University of Exeter, UK.
Eur J Appl Physiol. 2012 Jan;112(1):69-78. doi: 10.1007/s00421-011-1957-5. Epub 2011 Apr 11.
This study tested the effects of low-cadence (60 rev min(-1)) uphill (Int(60)) or high-cadence (100 rev min(-1)) level-ground (Int(100)) interval training on power output (PO) during 20-min uphill (TT(up)) and flat (TT(flat)) time-trials. Eighteen male cyclists ([Formula: see text]: 58.6 ± 5.4 mL min(-1) kg(-1)) were randomly assigned to Int(60), Int(100) or a control group (Con). The interval training comprised two training sessions per week over 4 weeks, which consisted of six bouts of 5 min at the PO corresponding to the respiratory compensation point (RCP). For the control group, no interval training was conducted. A two-factor ANOVA revealed significant increases on performance measures obtained from a laboratory-graded exercise test (GXT) (P (max): 2.8 ± 3.0%; p < 0.01; PO and [Formula: see text] at RCP: 3.6 ± 6.3% and 4.7 ± 8.2%, respectively; p < 0.05; and [Formula: see text] at ventilatory threshold: 4.9 ± 5.6%; p < 0.01), with no significant group effects. Significant interactions between group and uphill and flat time-trial, pre- versus post-training on PO were observed (p < 0.05). Int(60) increased PO during both TT(up) (4.4 ± 5.3%) and TT(flat) (1.5 ± 4.5%). The changes were -1.3 ± 3.6, 2.6 ± 6.0% for Int(100) and 4.0 ± 4.6%, -3.5 ± 5.4% for Con during TT(up) and TT(flat), respectively. PO was significantly higher during TT(up) than TT(flat) (4.4 ± 6.0; 6.3 ± 5.6%; pre and post-training, respectively; p < 0.001). These findings suggest that higher forces during the low-cadence intervals are potentially beneficial to improve performance. In contrast to the GXT, the time-trials are ecologically valid to detect specific performance adaptations.

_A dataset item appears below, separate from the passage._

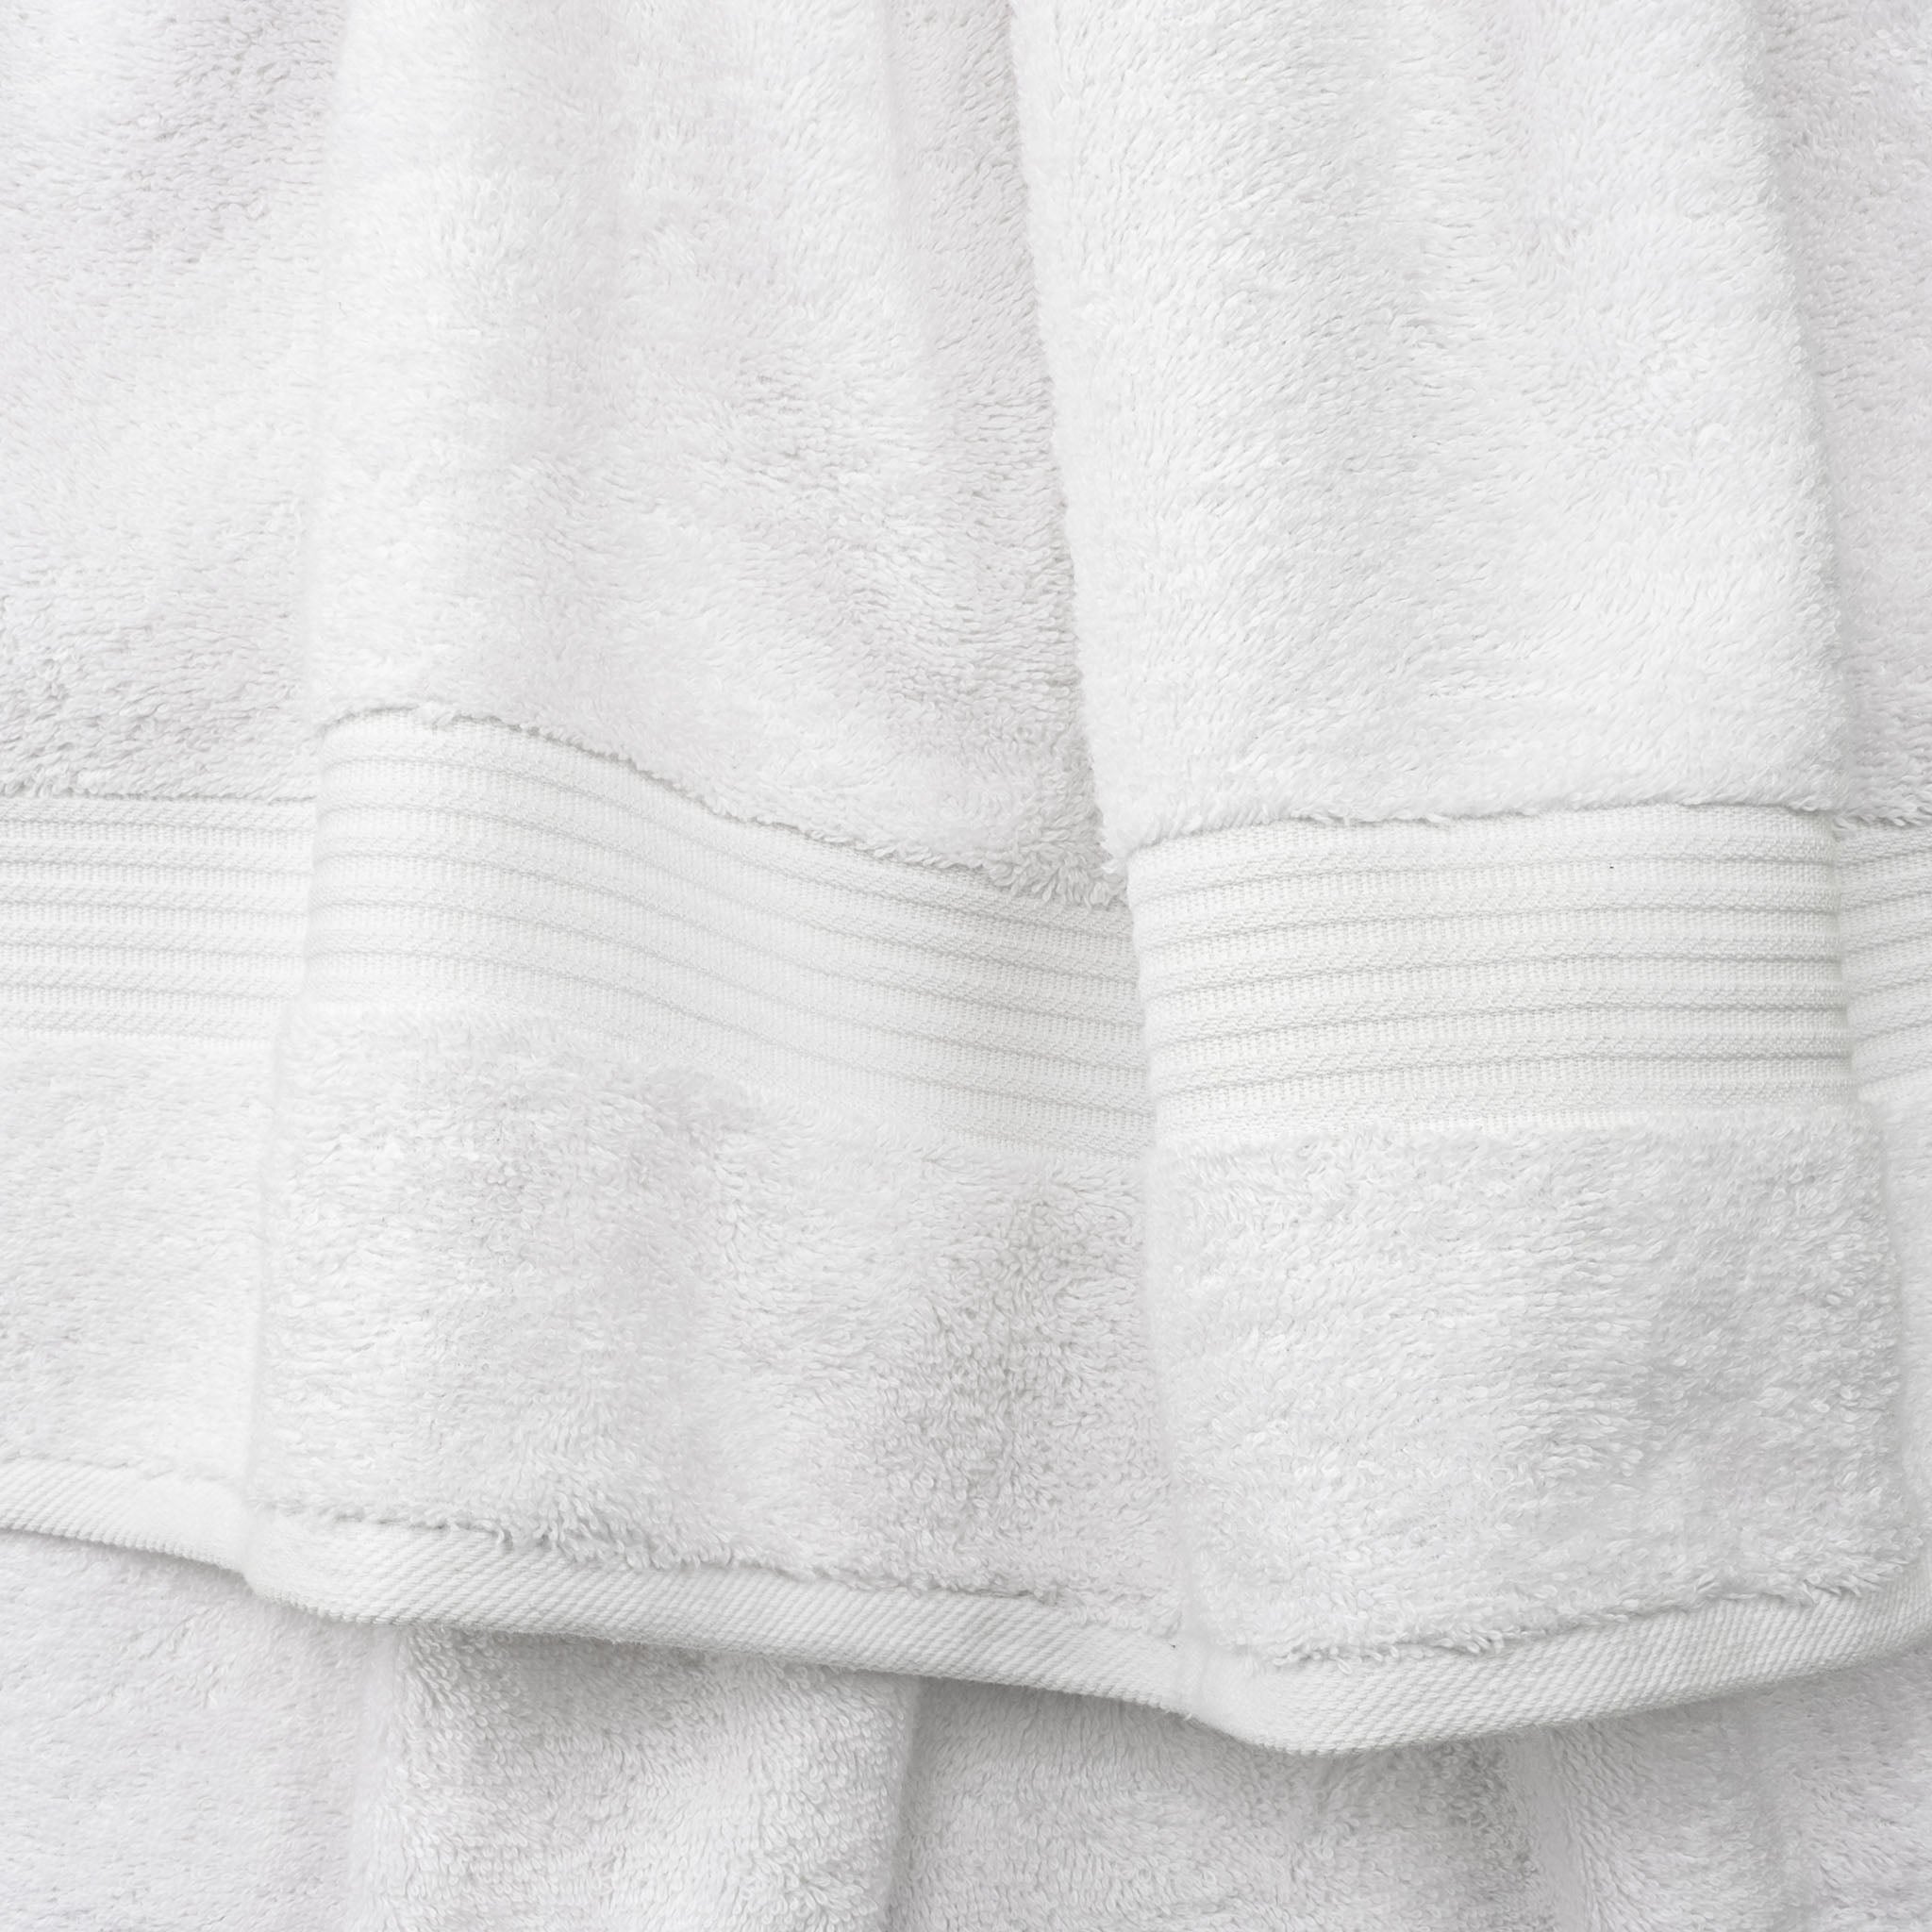 American Soft Linen Bekos 100% Cotton Turkish Towels, 4 Piece Bath Towel Set -turquoise-white-03

本研究测试了低节奏(60 转/分钟)上坡(Int(60))或高节奏(100 转/分钟)平地(Int(100))间歇训练对 20 分钟上坡(TT(up))和平地(TT(flat))计时赛期间功率输出(PO)的影响。18 名男性自行车运动员([公式:见文本]:58.6 ± 5.4 mL min(-1) kg(-1))被随机分配到 Int(60)、Int(100)或对照组(Con)。间歇训练包括每周两次,持续 4 周,包括 6 个 5 分钟的回合,在呼吸补偿点(RCP)处达到 PO。对于对照组,不进行间歇训练。双因素方差分析显示,实验室分级运动测试(GXT)的性能测量值有显著提高(最大 P(max):2.8 ± 3.0%;p < 0.01;RCP 处的 PO 和[公式:见文本]:分别为 3.6 ± 6.3%和 4.7 ± 8.2%;p < 0.05;和通气阈处的[公式:见文本]:4.9 ± 5.6%;p < 0.01),但无显著组间差异。观察到组间和上坡和平地计时赛之间以及训练前后 PO 之间存在显著的交互作用(p < 0.05)。Int(60)在 TT(up)(4.4 ± 5.3%)和 TT(flat)(1.5 ± 4.5%)期间均增加了 PO。Int(100)的变化分别为-1.3 ± 3.6、2.6 ± 6.0%,Con 分别为 4.0 ± 4.6%、-3.5 ± 5.4%,用于 TT(up)和 TT(flat)。TT(up)时的 PO 明显高于 TT(flat)(4.4 ± 6.0;6.3 ± 5.6%;分别为训练前后;p < 0.001)。这些发现表明,低节奏间隔期间的较高力可能有助于提高性能。与 GXT 相比,计时赛更能检测到特定的性能适应性。